LANGUAGE AND EDUCATION, vol.27, no.6, pp.542-565, 2013 (SSCI) identifier identifier

  • Publication Type: Article / Article
  • Volume: 27 Issue: 6
  • Publication Date: 2013
  • Doi Number: 10.1080/09500782.2012.739174
  • Journal Name: LANGUAGE AND EDUCATION
  • Journal Indexes: Social Sciences Citation Index (SSCI), Scopus
  • Page Numbers: pp.542-565
  • Hacettepe University Affiliated: Yes

Abstract

This paper primarily investigates the interactional unfolding and management of claims of insufficient knowledge' (Beach and Metzger 1997) in two English language classrooms from a multi-modal, conversation-analytic perspective. The analyses draw on a close, micro-analytic account of sequential organisation of talk as well as on various multi-semiotic resources the participants enact including gaze, gestures, body movements and orientations to classroom artefacts. The research utilises transcriptions of 16 (classroom) hours of video recordings, which were collected over a six-week period in 2010 in a public school in Luxembourg. The findings show that establishing recipiency through mutual gaze and turn allocation practices have interactional and pedagogical consequences that may lead to claims of insufficient knowledge. Furthermore, the findings illustrate various multi-modal resources the students use (e.g. gaze movements, facial gestures and headshakes) to initiate embodied claims of no knowledge and to show specific exchange structures.

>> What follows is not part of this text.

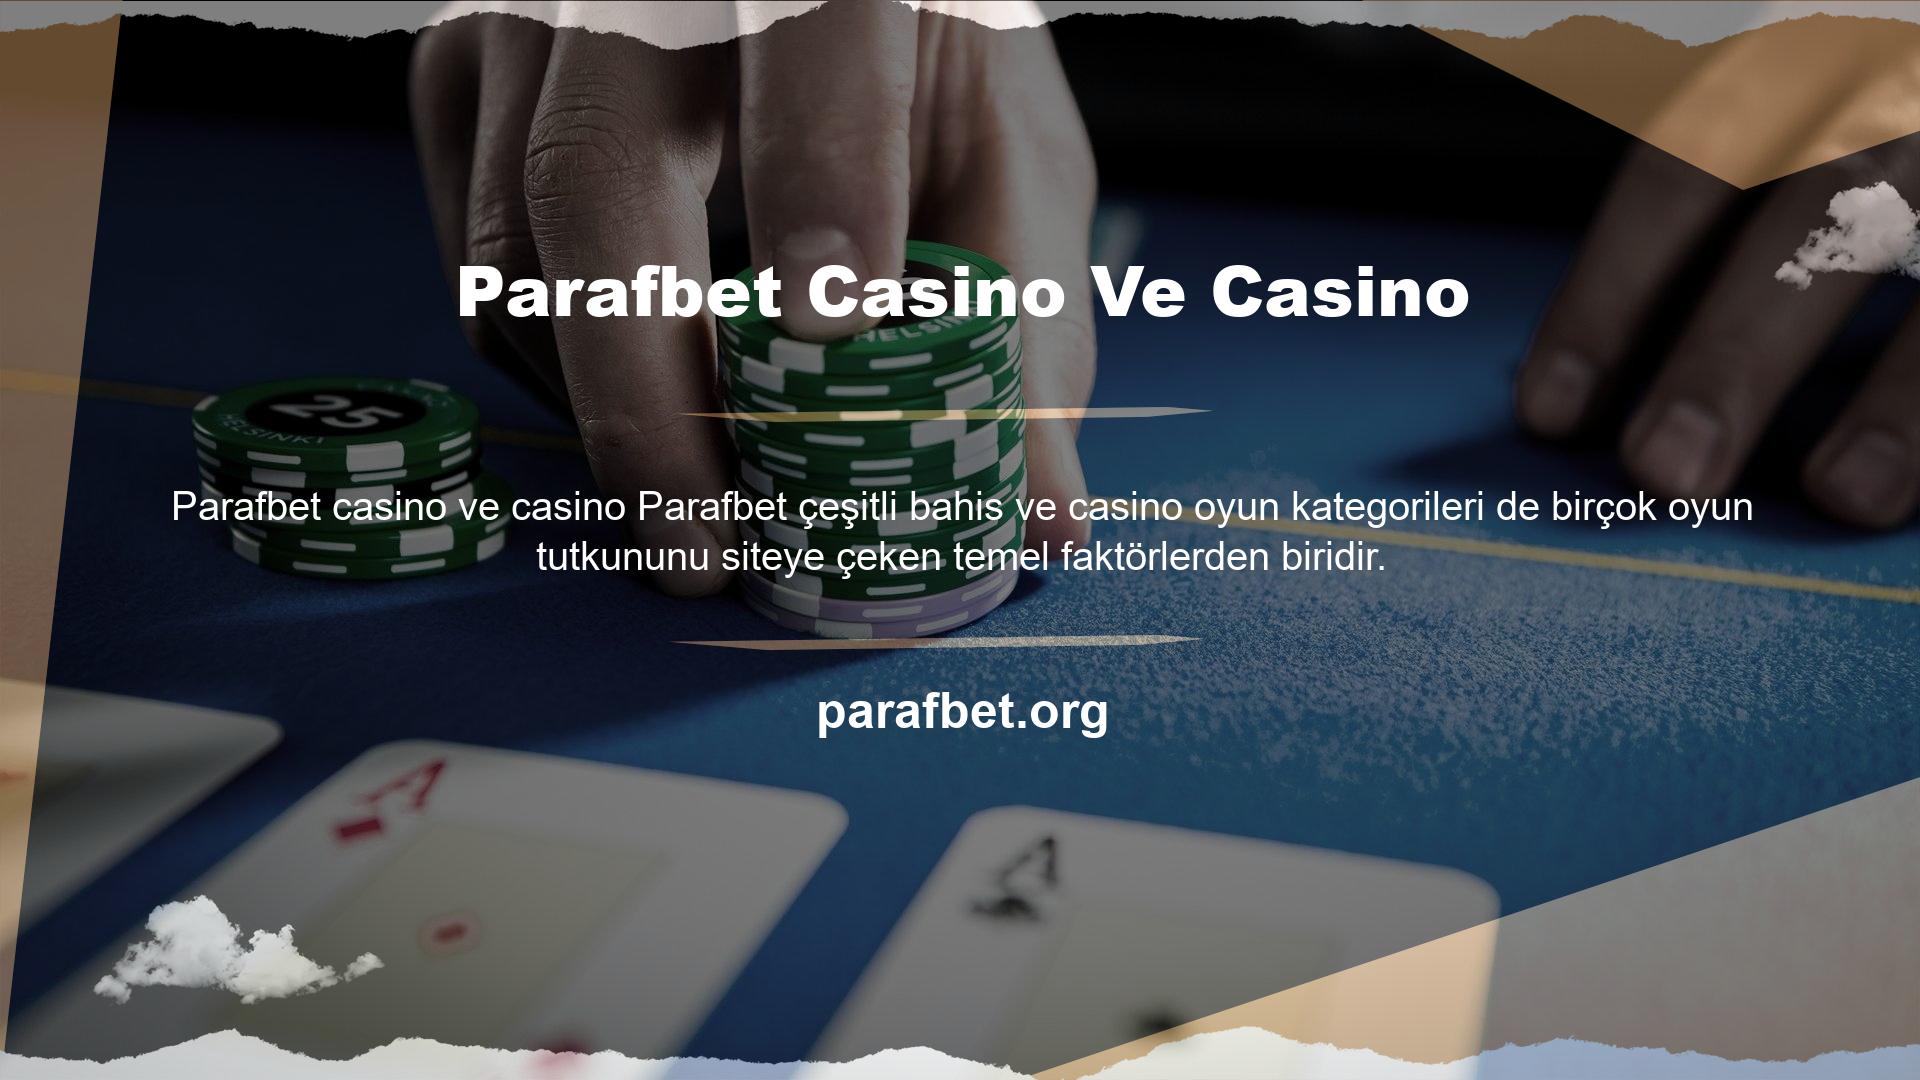 Parafbet sitesine giriş yaptığınızda eğlenceli ve kazançlı casino ve bahis oyunlarının keyfini çıkarabilirsiniz
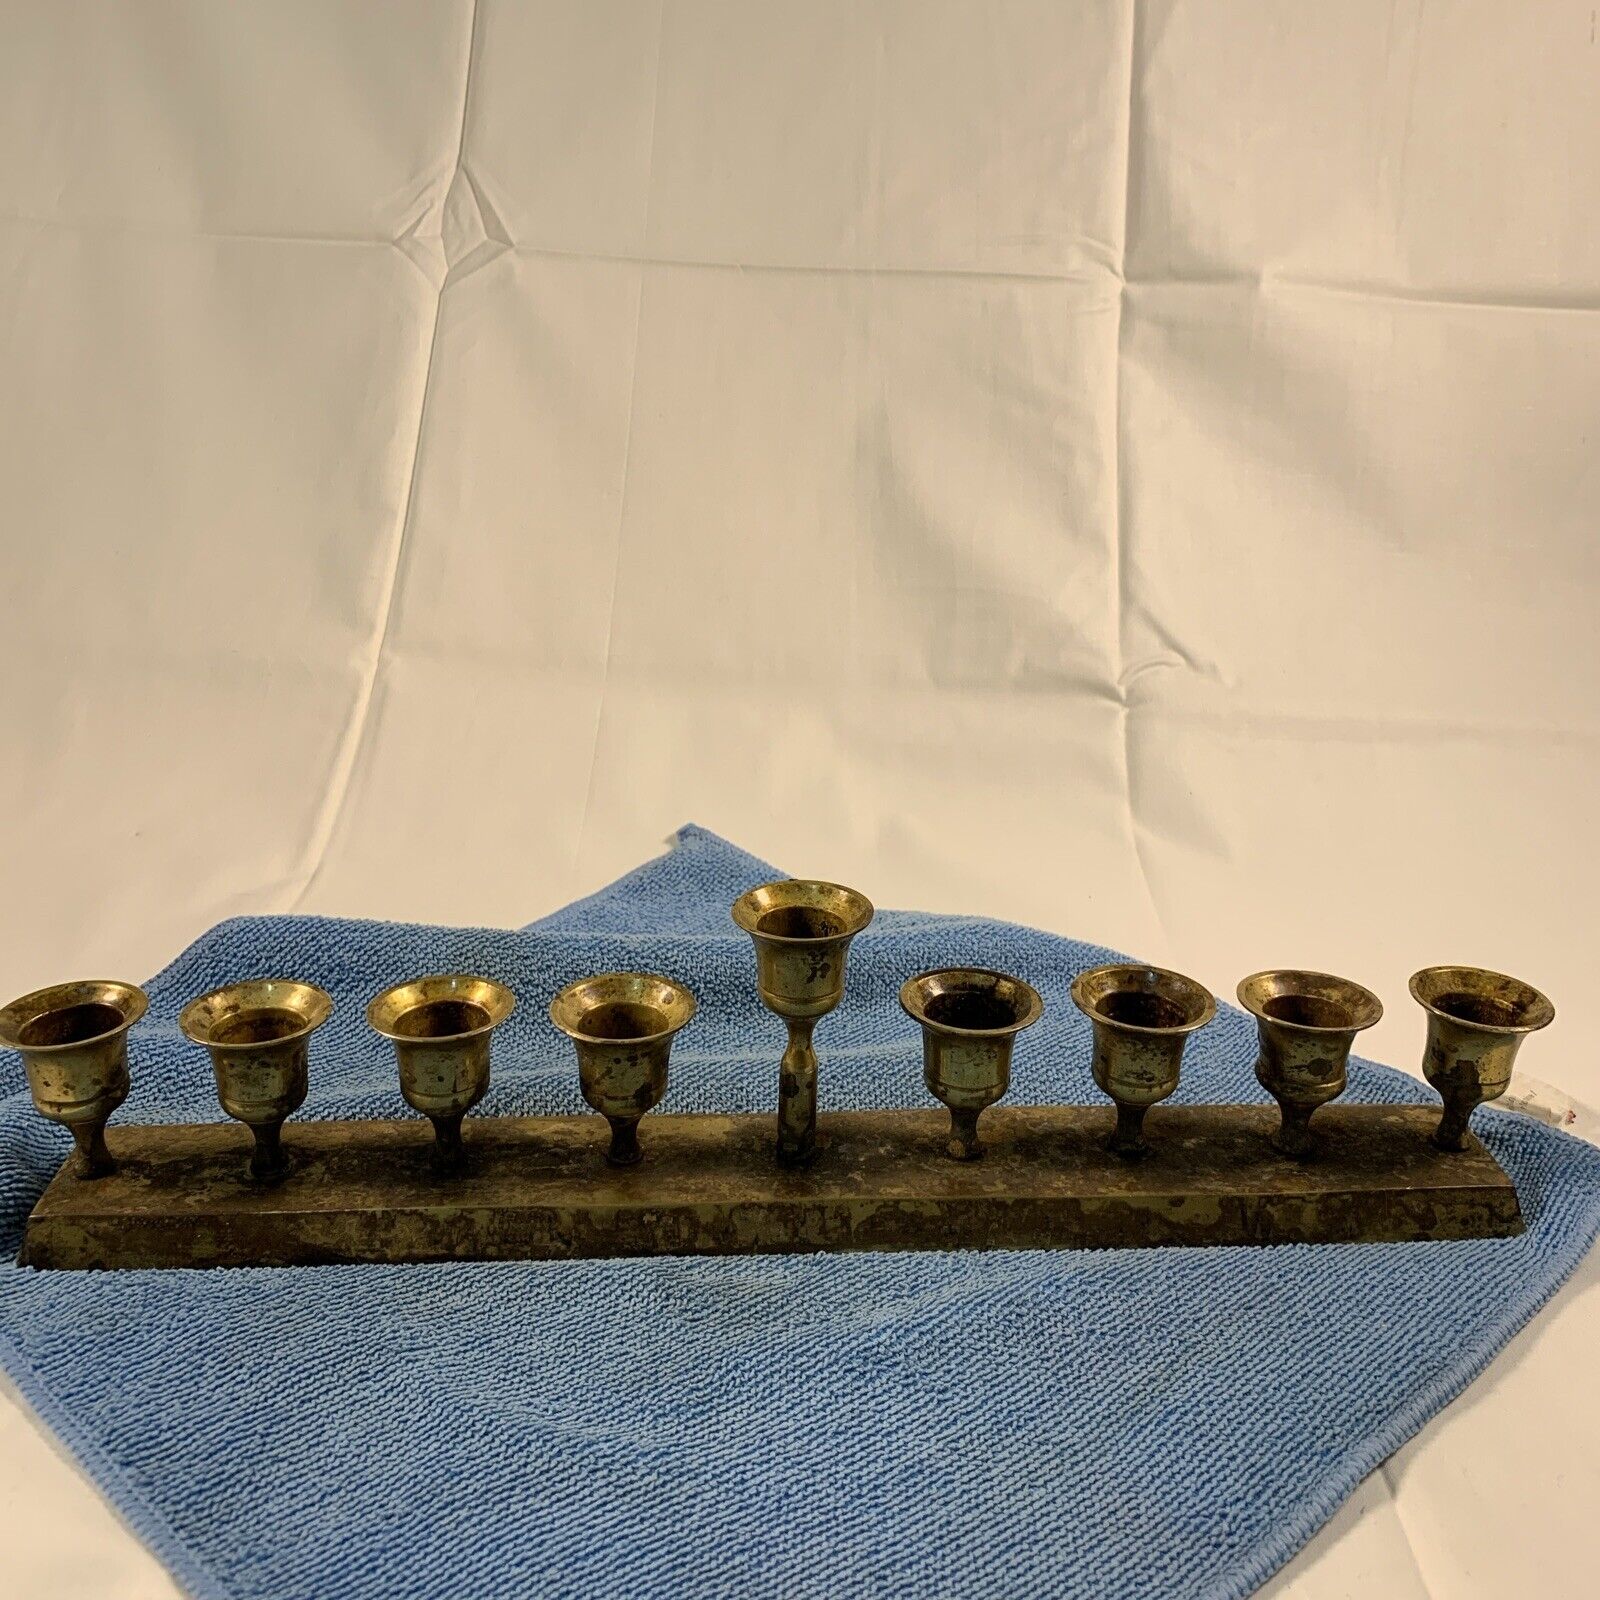 Vintage Brass Candelabra 9 Candle Stick Holder Set 14.25” Long 3” Tall.

Finally, we suggest that certain interactional resources, including embodied vocabulary explanations and Designedly Incomplete Utterances (Koshik 2002), deployed by the teacher after a student's claim of insufficient knowledge may lead to student engagement, which is a desirable pedagogical goal. Our findings have implications for the analysis of insufficient knowledge, for teaching, teacher education and in particular for L2 Classroom Interactional Competence (Walsh 2006).